What is expected >>
Please, without any pictures, set down exactly the part of the listing below that opens with the line containing "Nursing Sweatshirt With" and closes with the line containing "Inonu University graduates".

Data records >>
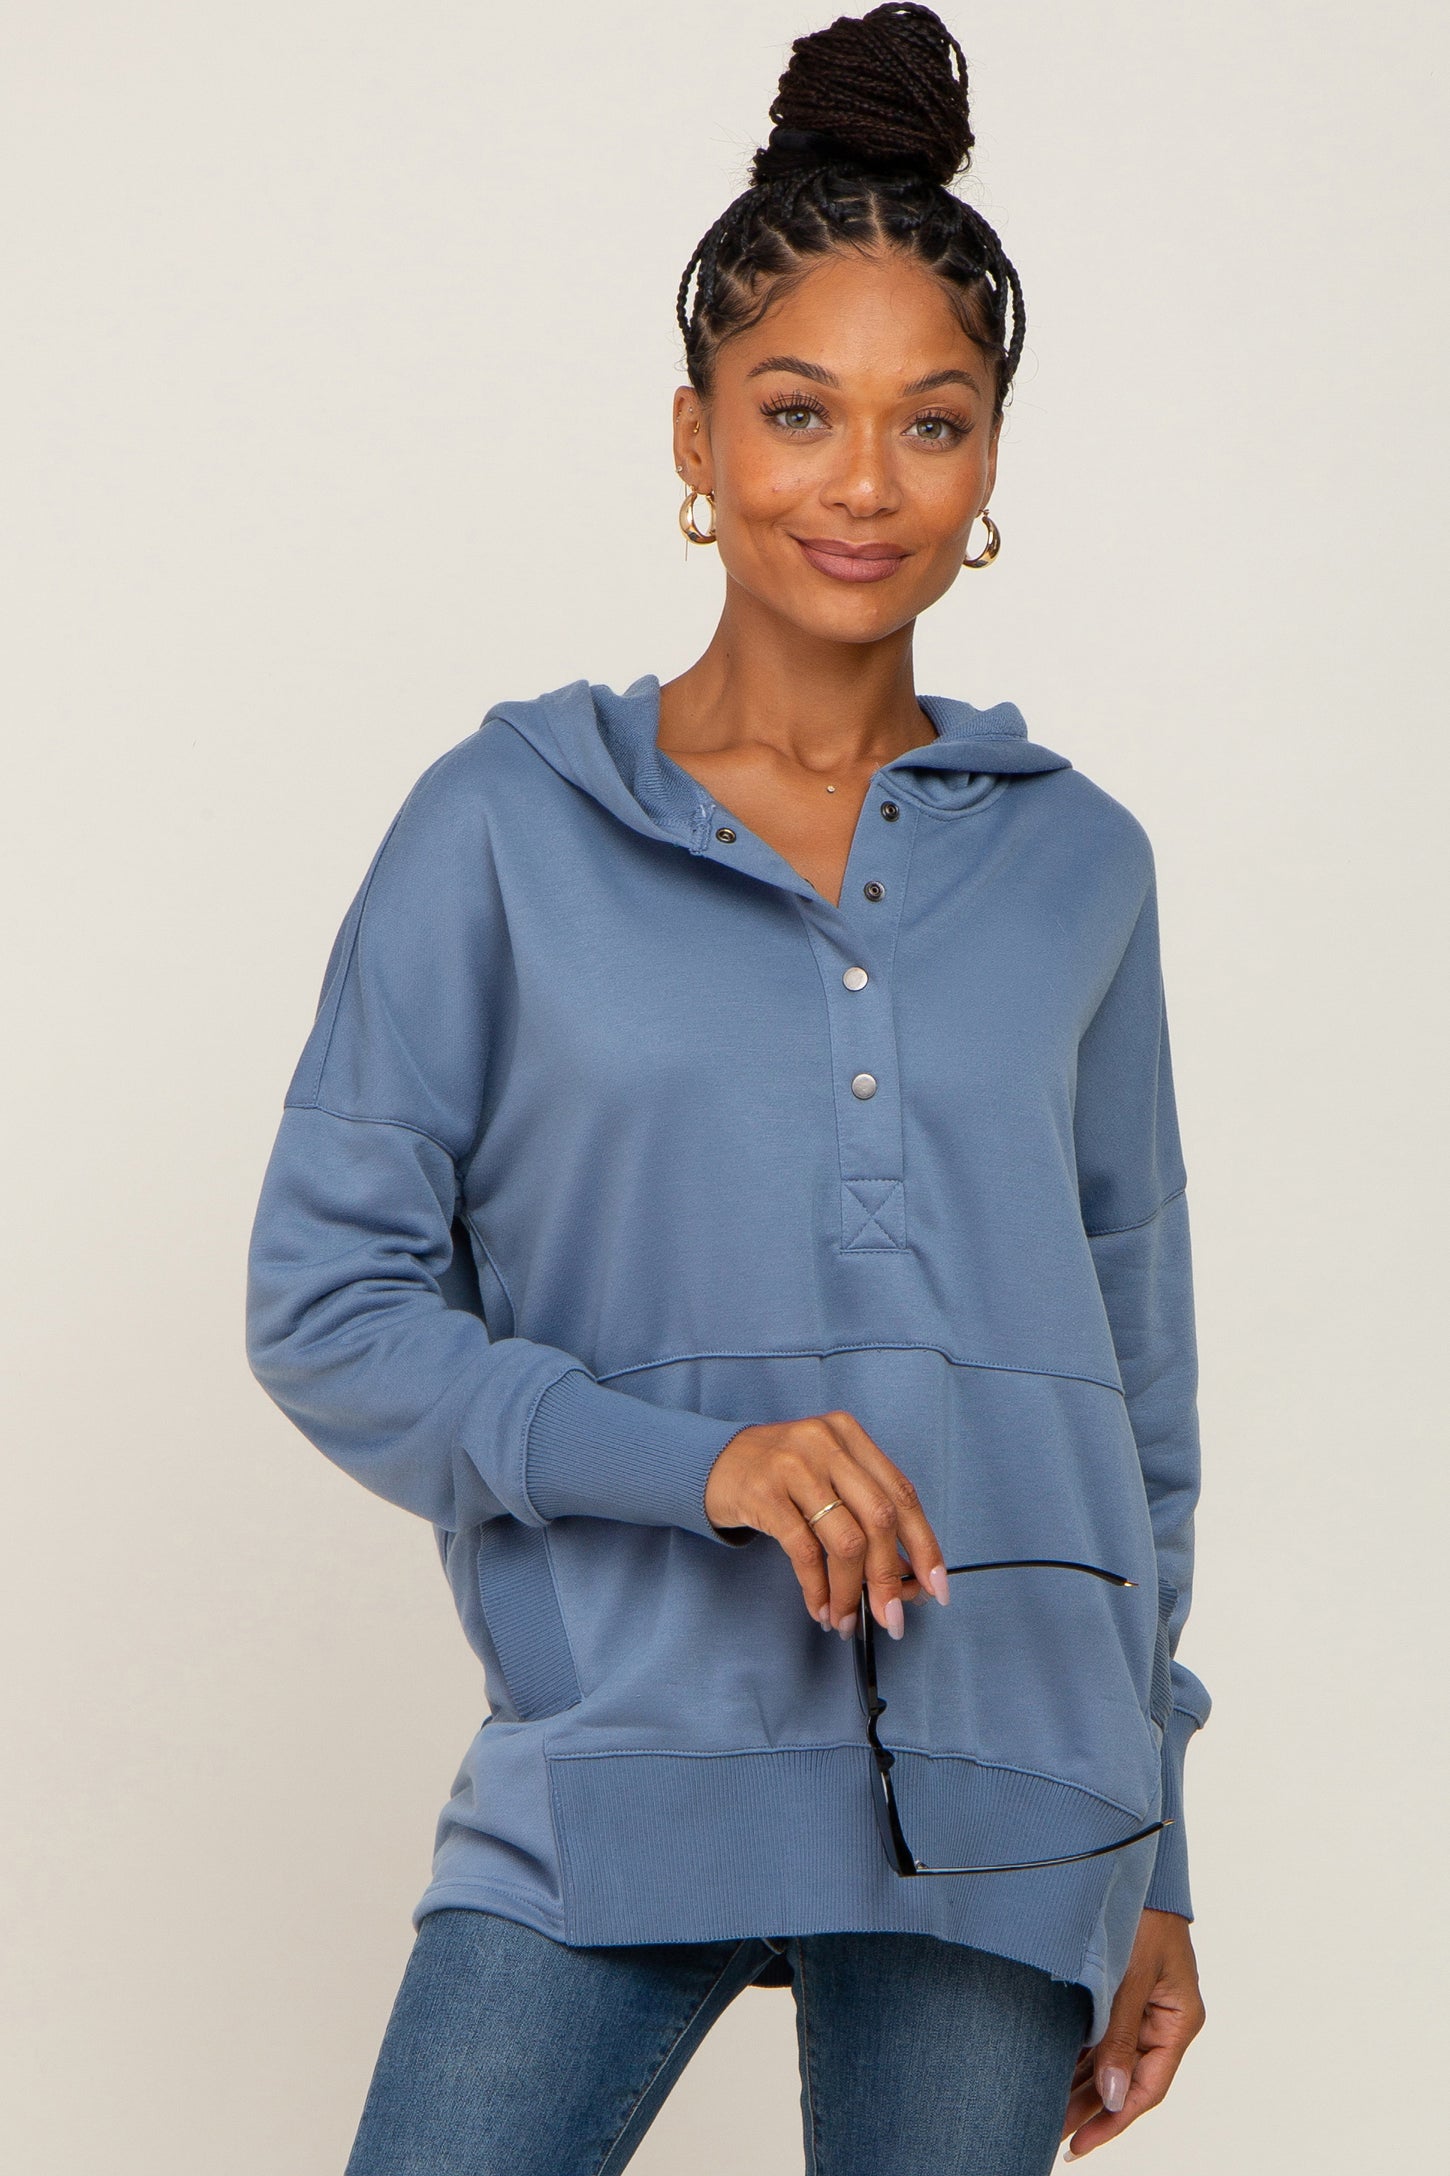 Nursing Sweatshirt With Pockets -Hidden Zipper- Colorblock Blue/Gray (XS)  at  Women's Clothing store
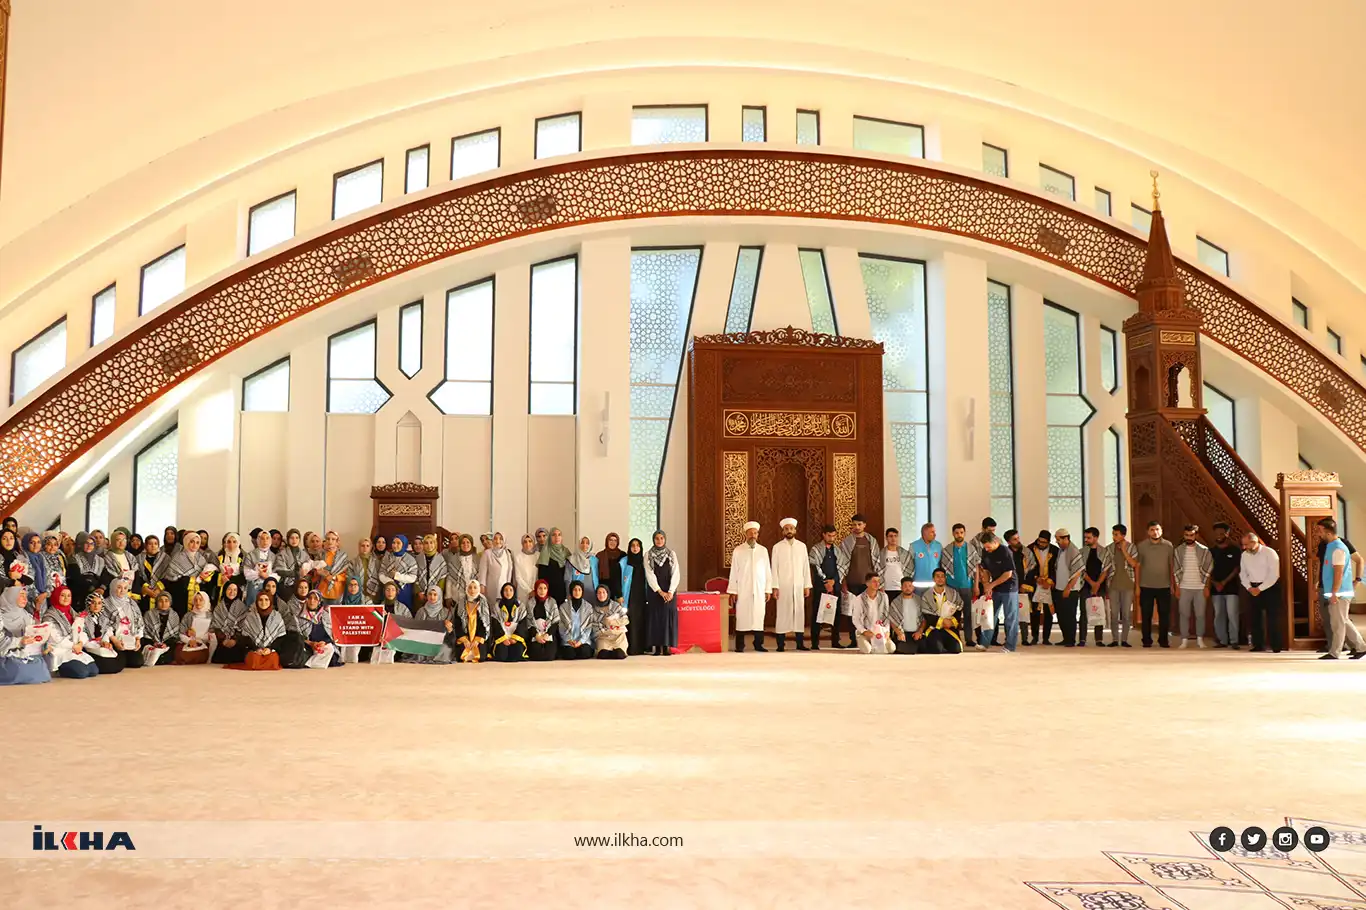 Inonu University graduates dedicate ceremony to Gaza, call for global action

---

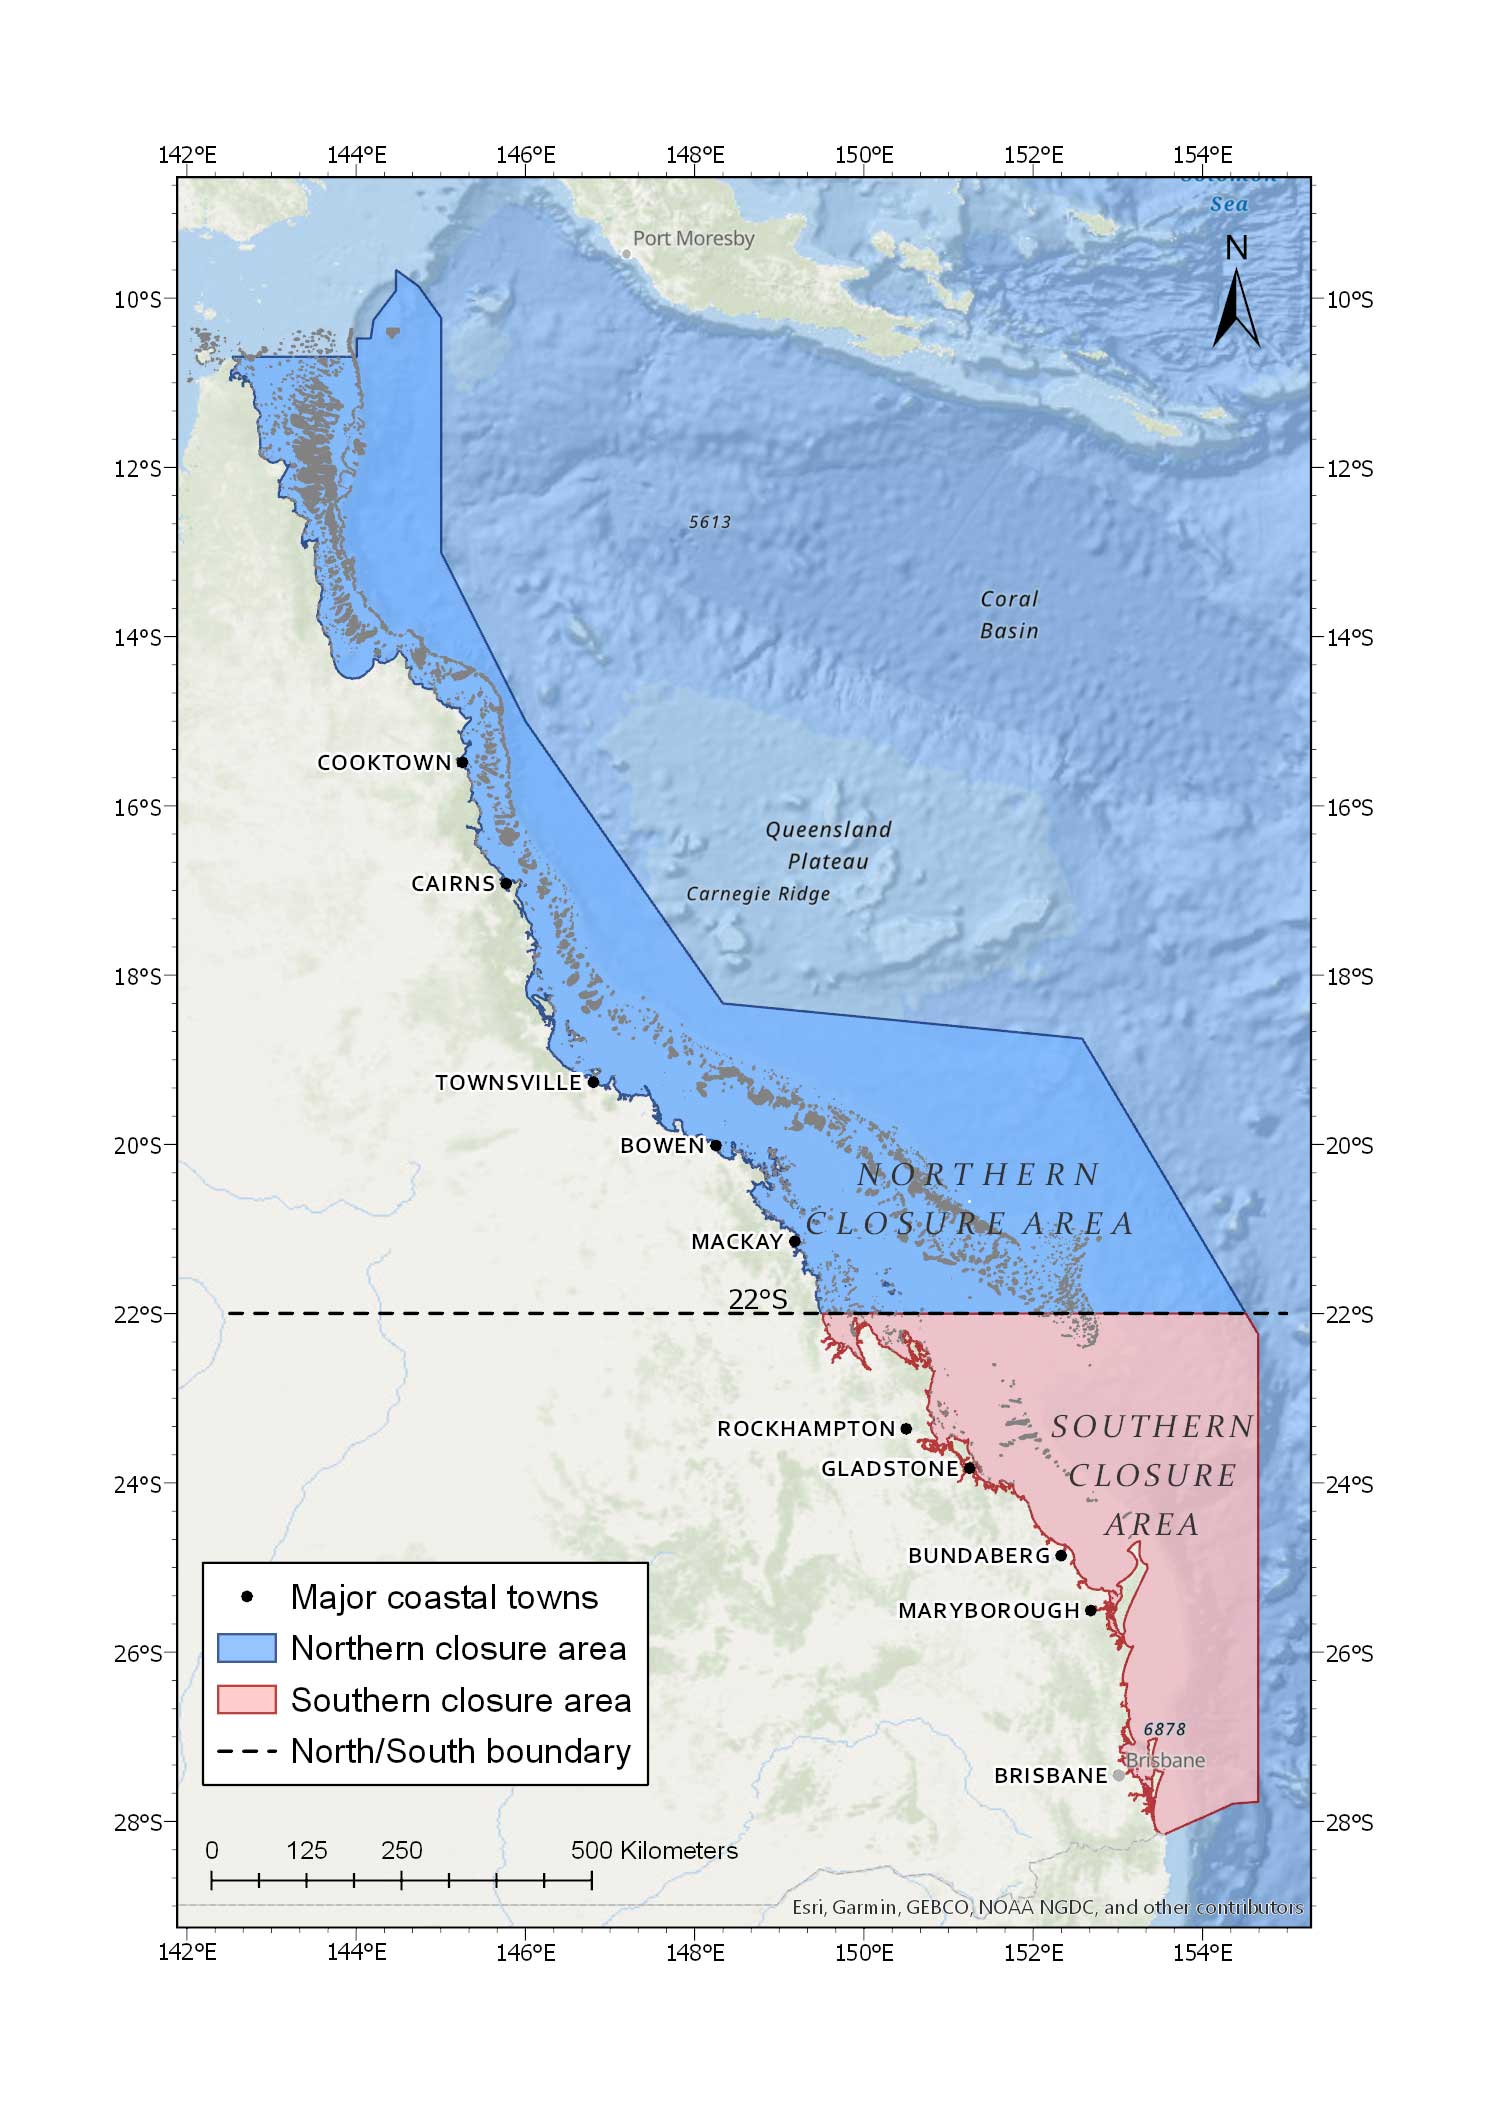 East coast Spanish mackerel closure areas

Task answer >>
 Nursing Sweatshirt With Pockets -Hidden Zipper- Colorblock Blue/Gray (XS)  at  Women's Clothing store
 Inonu University graduates dedicate ceremony to Gaza, call for global action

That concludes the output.